Escalation. (1) Engagement Lead (named in SOW) → (2) Practice Director (info@kriv.ai ) → (3) CEO Abhinav Dangri (info@kriv.ai ).
Communication. Dedicated Microsoft Teams channel; weekly 60-min video checkpoint; Friday written status. Customer SMEs 4–6 hrs/week (Head of Platform Engineering, CISO, Head of AI Platform, Identity & Access Engineering, Cloud Engineering, Head of Developer Productivity).
Handoff. Word/Excel/PDF in customer secure share; reference architecture as .drawio + PNG; MCP server + Registry as Git repo (CloudFormation / CDK / Terraform); IAM + RBAC/ABAC matrix as JSON + Excel; SOC 2 + ISO 27001:2022 + HIPAA evidence mapping as Excel indexed to control IDs.
Out of scope. Kriv is a partner, not an Anthropic-authorized reseller. Does NOT develop Customer MCP tools or business-logic applications, infrastructure + governance only.

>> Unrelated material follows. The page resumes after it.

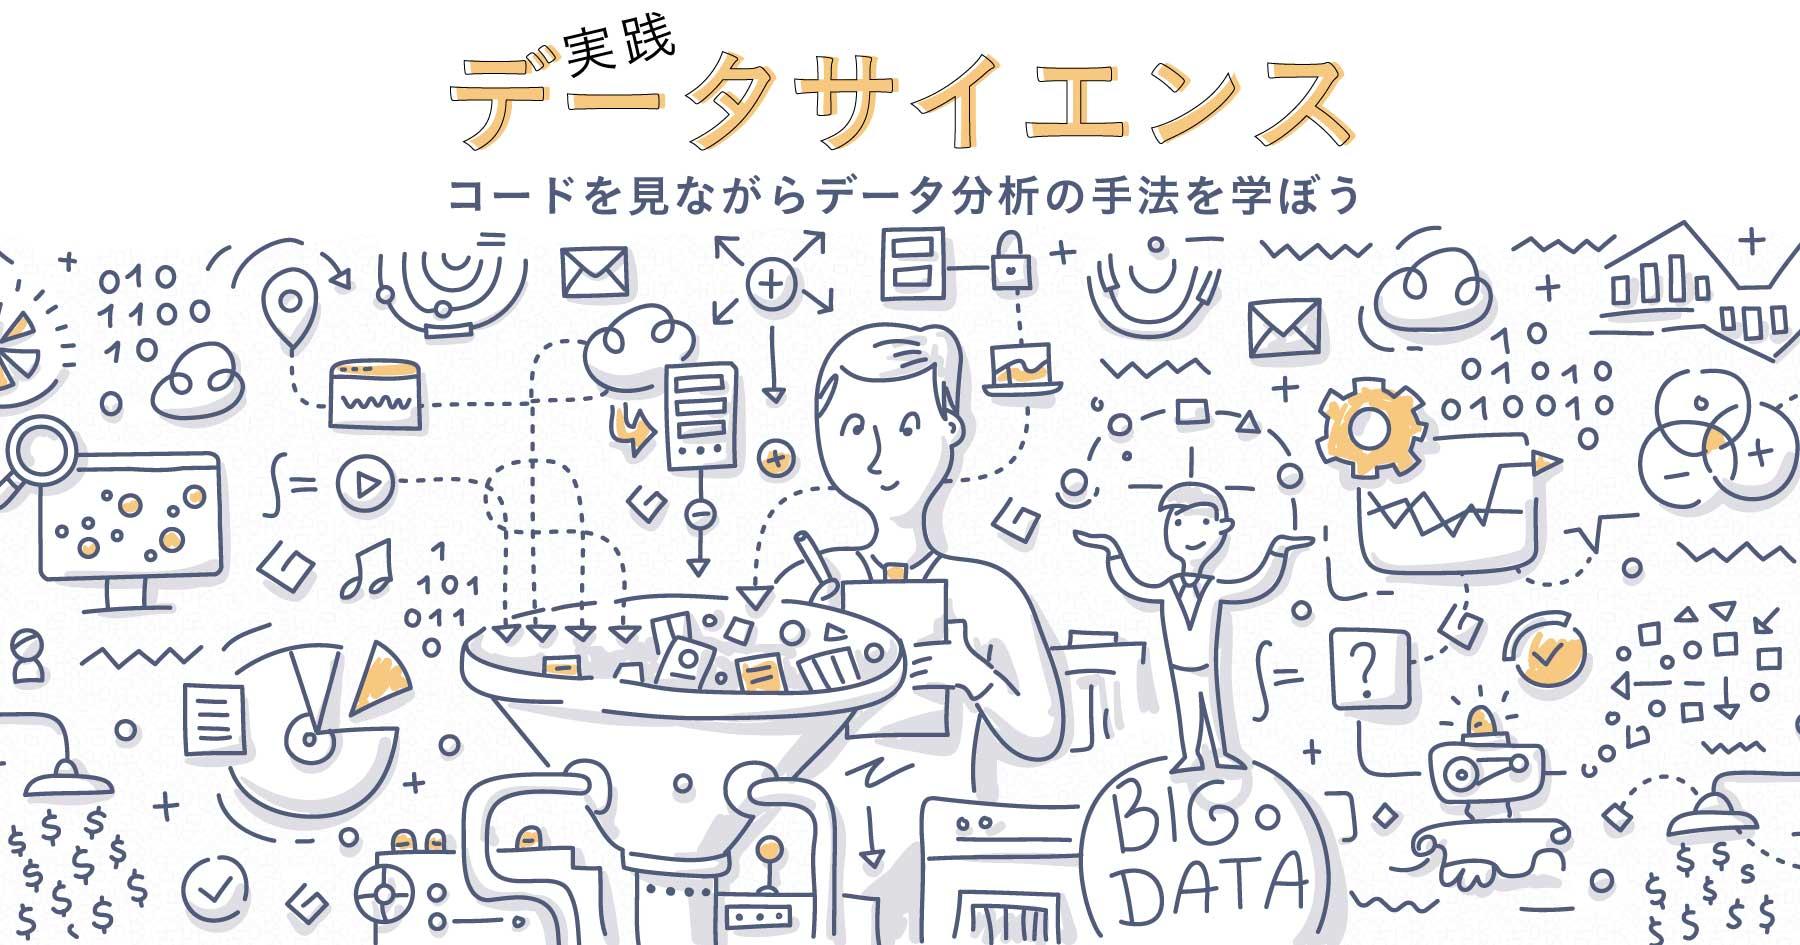 実践データサイエンス ─ サンプルコードと図表で学ぶ、前処理・モデル評価・パラメータチューニングの基礎
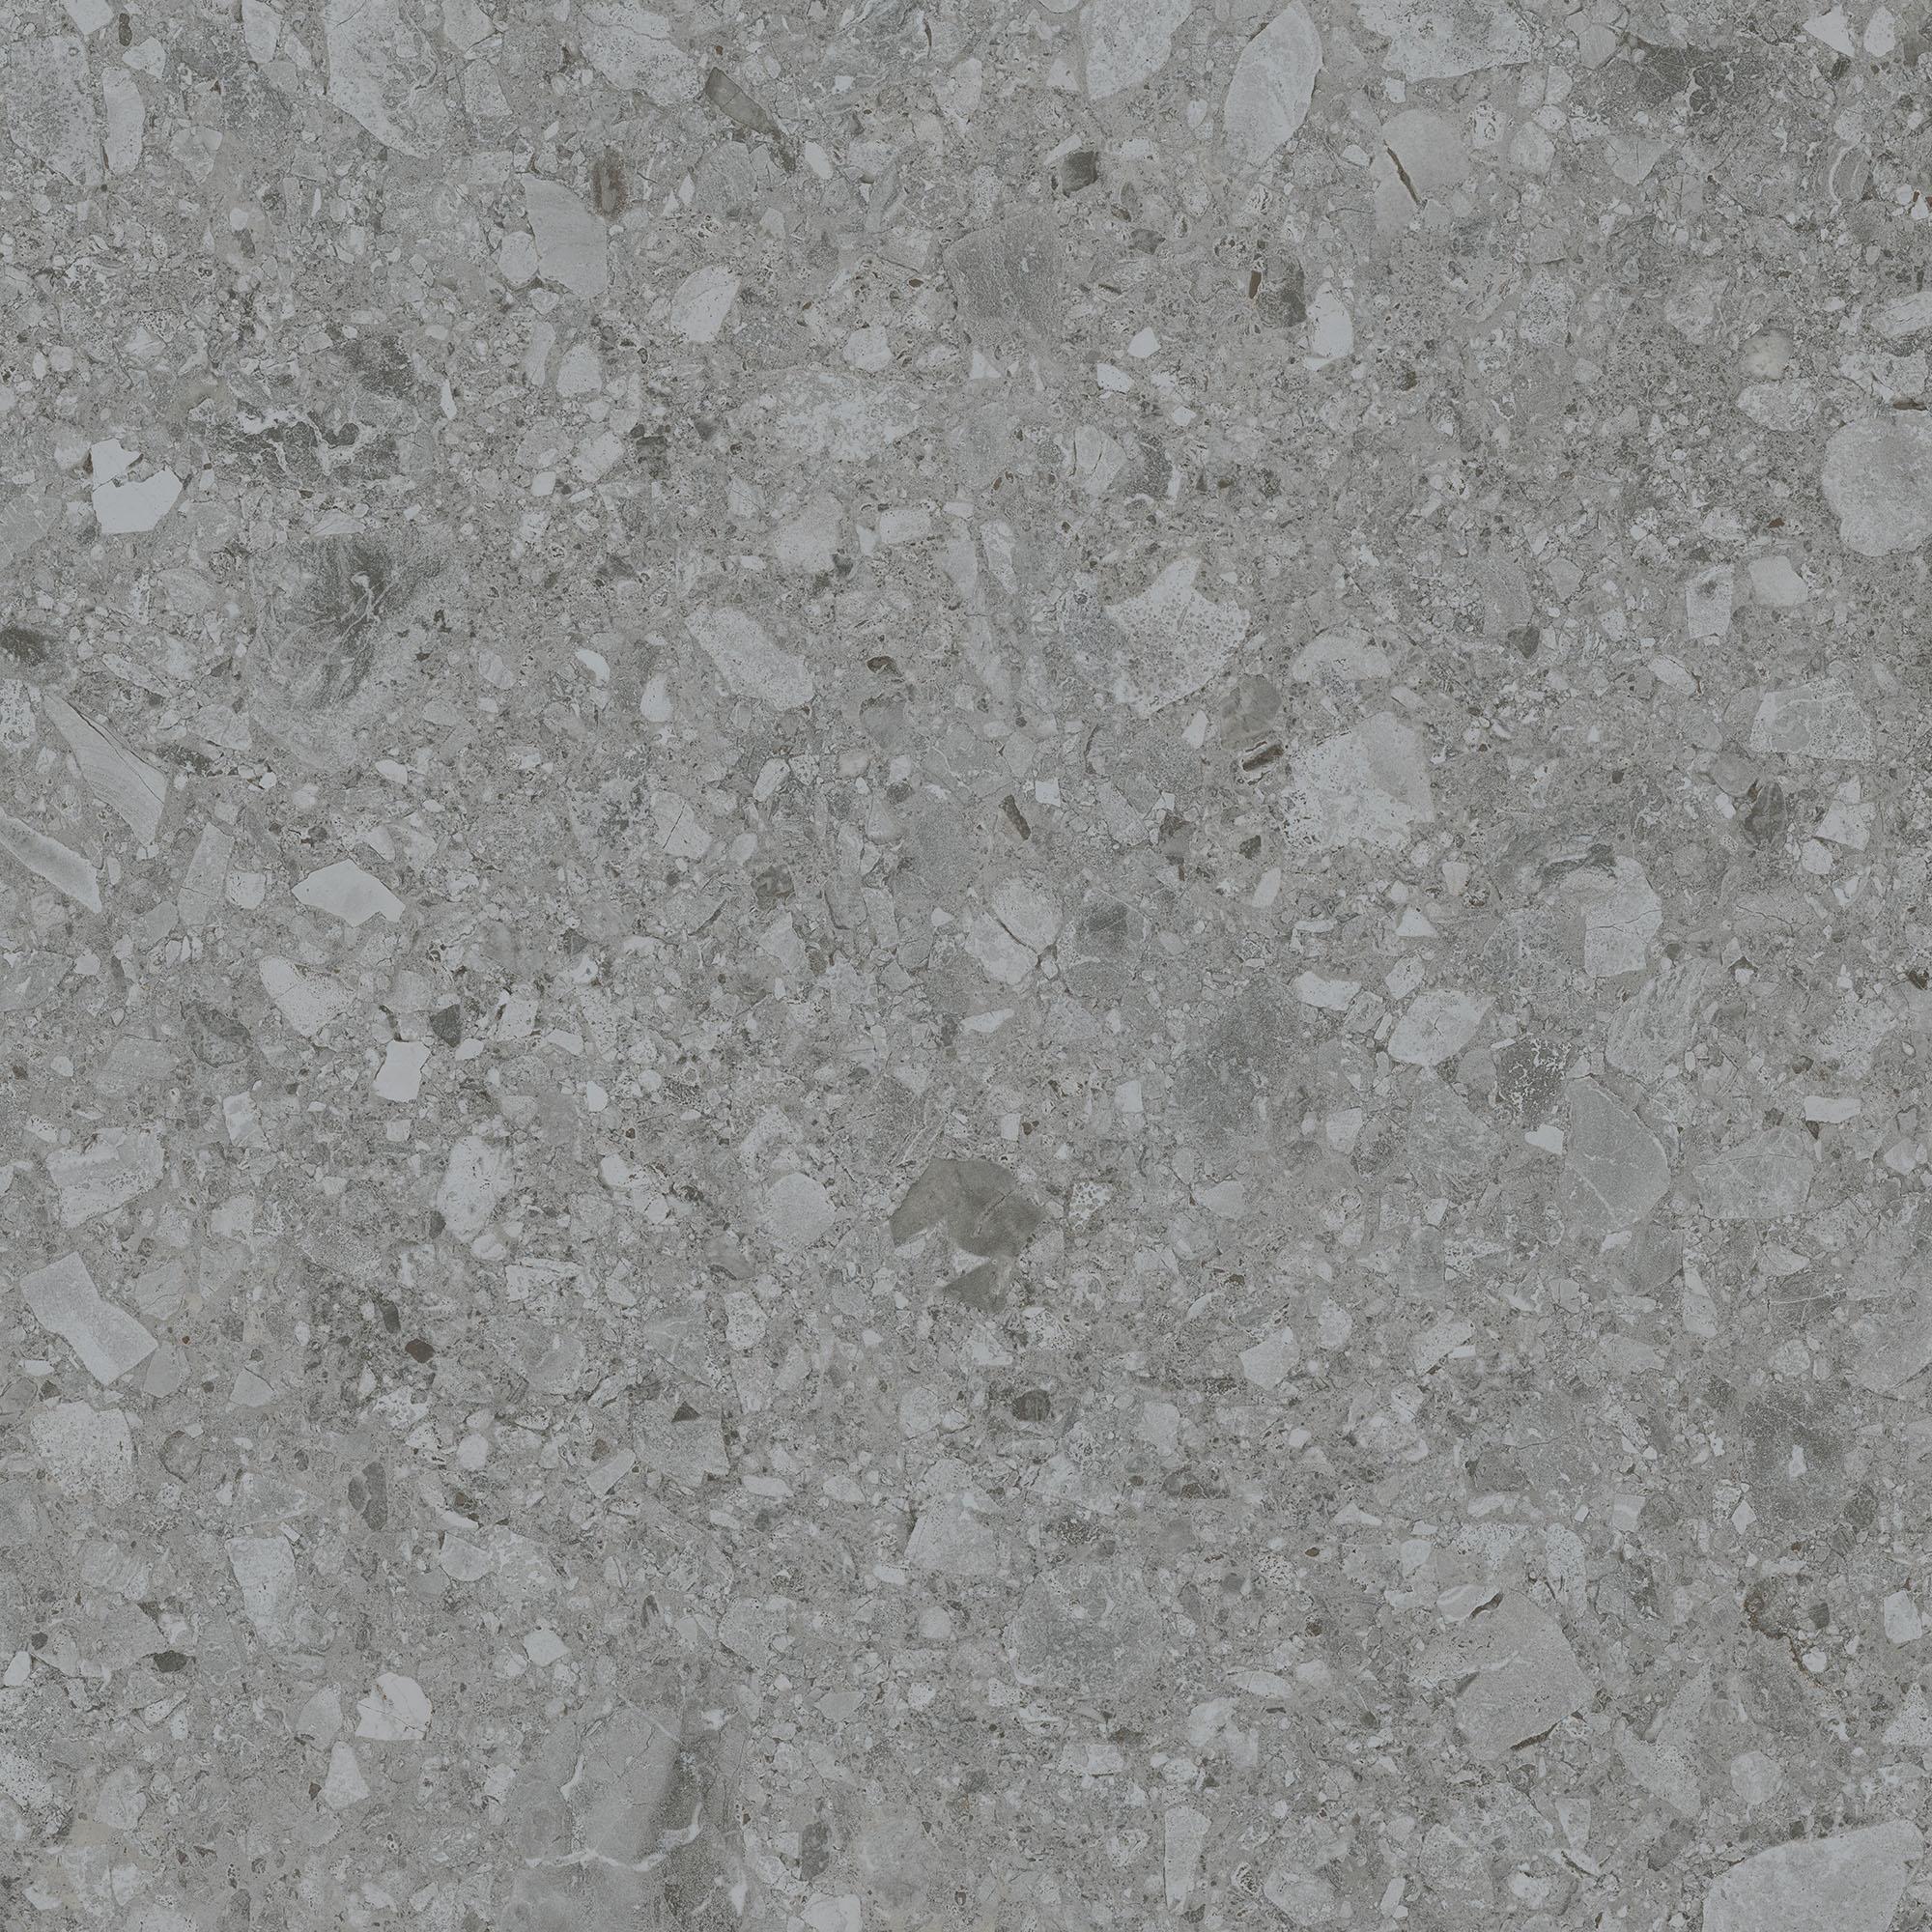 K947524R0001VTE0, Ceppostone, Tummanharmaa, lattia,liukastumisenesto,pakkasenkesto

Does NOT operate Customer MCP servers post-deployment (unless Managed Service retainer). Issues no SOC 2 / ISO / HIPAA / HITRUST certifications. No legal / regulatory / compliance advice. No prompt-injection prevention guarantee. No MCP specification stability guarantee.
AWS + Anthropic-side billing. AWS infrastructure + Anthropic API + Bedrock Claude consumption billed separately.
Holiday coverage. Closed on US federal holidays.